Project logistics
- Mentor: Leonid Andreev, Gustavo Durand, Pete Meyer, and Ata Turk email: leonid-at-harvard-dot-edu, gdurand-at-iq-dot-harvard-dot-edu, meyer-at-hms-dot-harvard-dot-edu
- Min-max team size: 3-5
- Expected project hours per week (per team member): 6-8
- Will the project be open source? Yes
Preferred past experience
- Java (Rather important)
- Web development (Rather important)
- Python (Rather important)
- Globus (Good to have)
Project Overview:
Dataverse is an open source research data repository software that provides dataset owners incentives to share their datasets and get credit through data citation.

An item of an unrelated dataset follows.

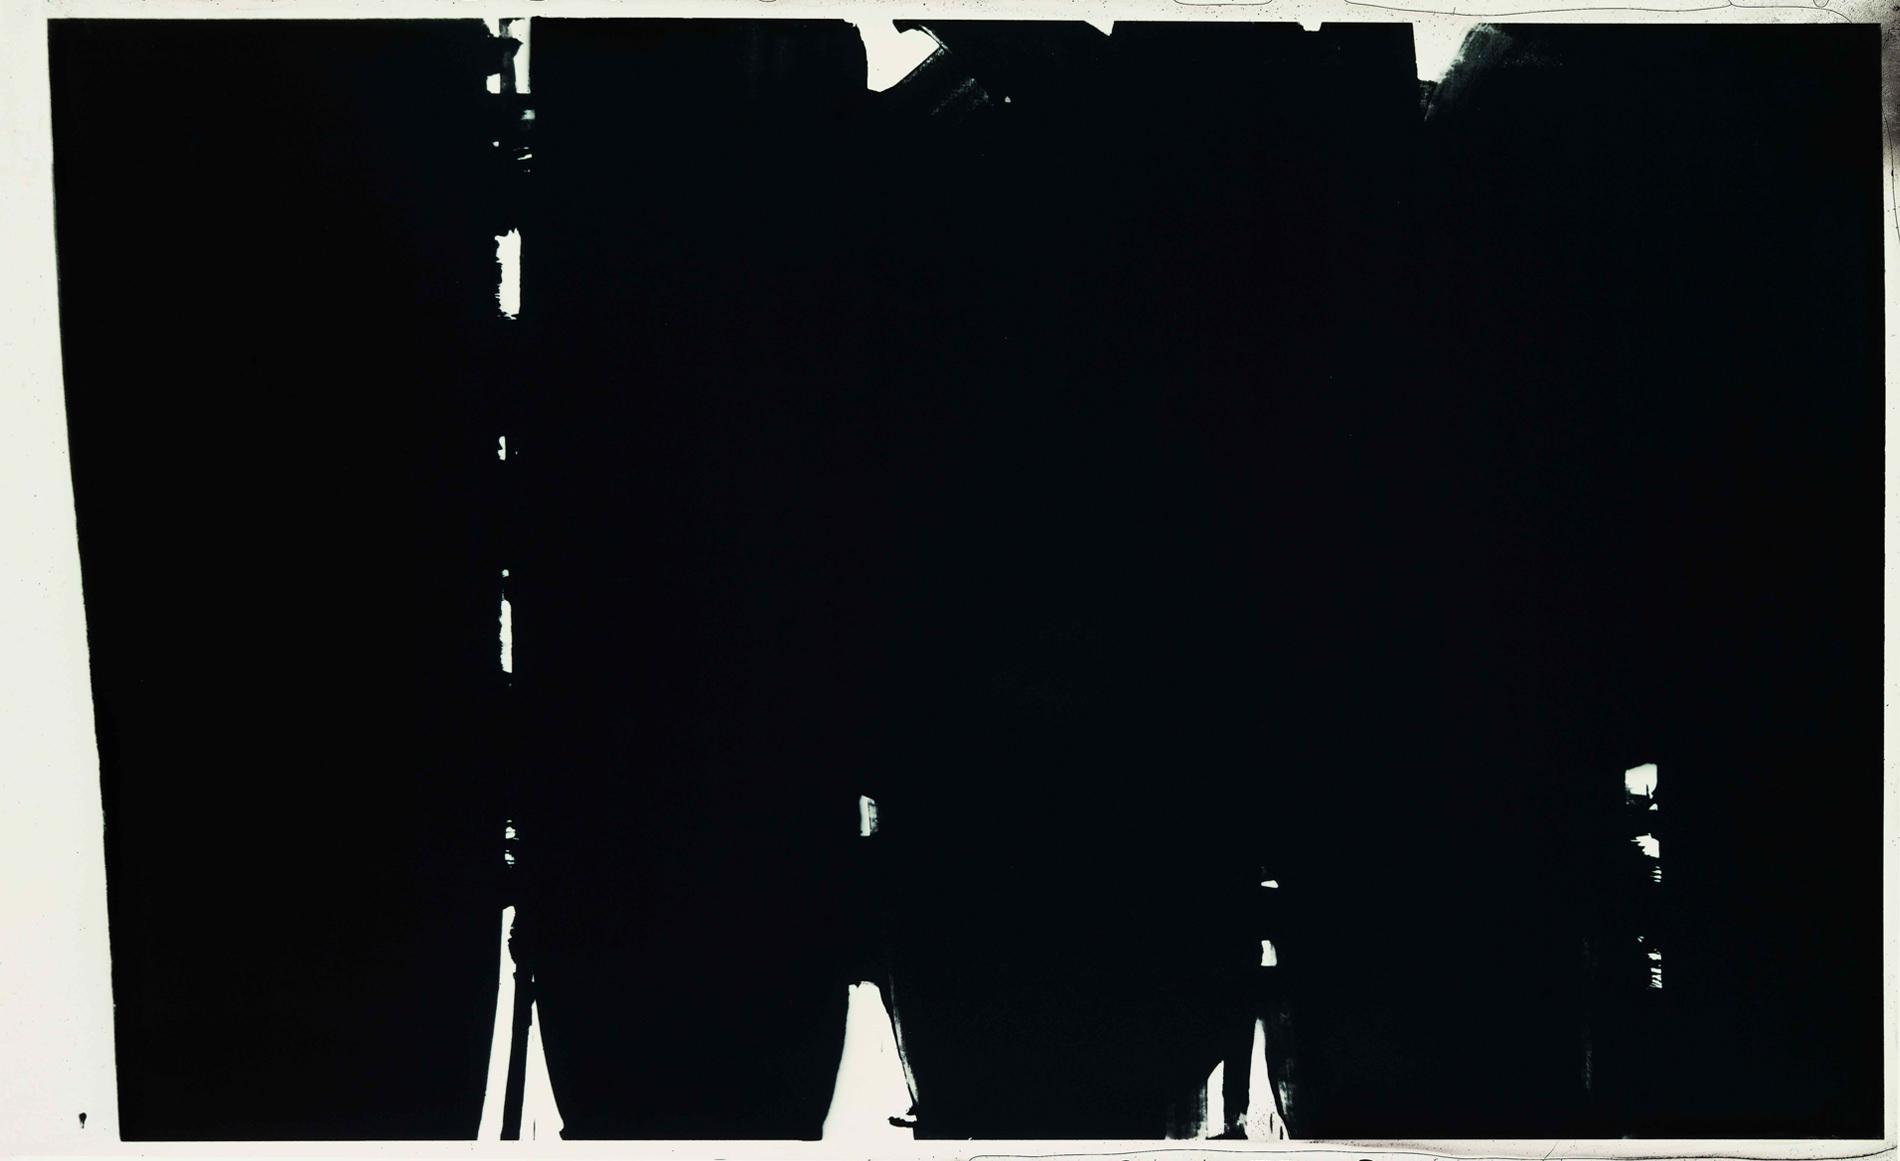 Pierre Soulages Peinture 220 x 366, 14 Mai 1968

Cloud Dataverse project aims to extend Dataverse such that (i) datasets are stored in Cloud Object Storage Systems such as OpenStack Swift and (ii) stored datasets are made available to BigData clusters (Hadoop/Spark ...) spinned up in the cloud (e.g. via OpenStack Sahara).

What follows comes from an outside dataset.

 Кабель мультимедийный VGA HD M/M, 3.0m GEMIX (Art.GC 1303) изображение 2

Overall goal is to build a system that functions similar to the combination of Amazon public datasets and Amazon Web Services Elastic MapReduce.
Some Technologies you will learn/use:
- BigData technologies: OpenStack Sahara
- Dataverse: Data sharing, data publishing, and data archiving technologies
- Cloud-based object storage technologies: OpenStack Swift
- Java EE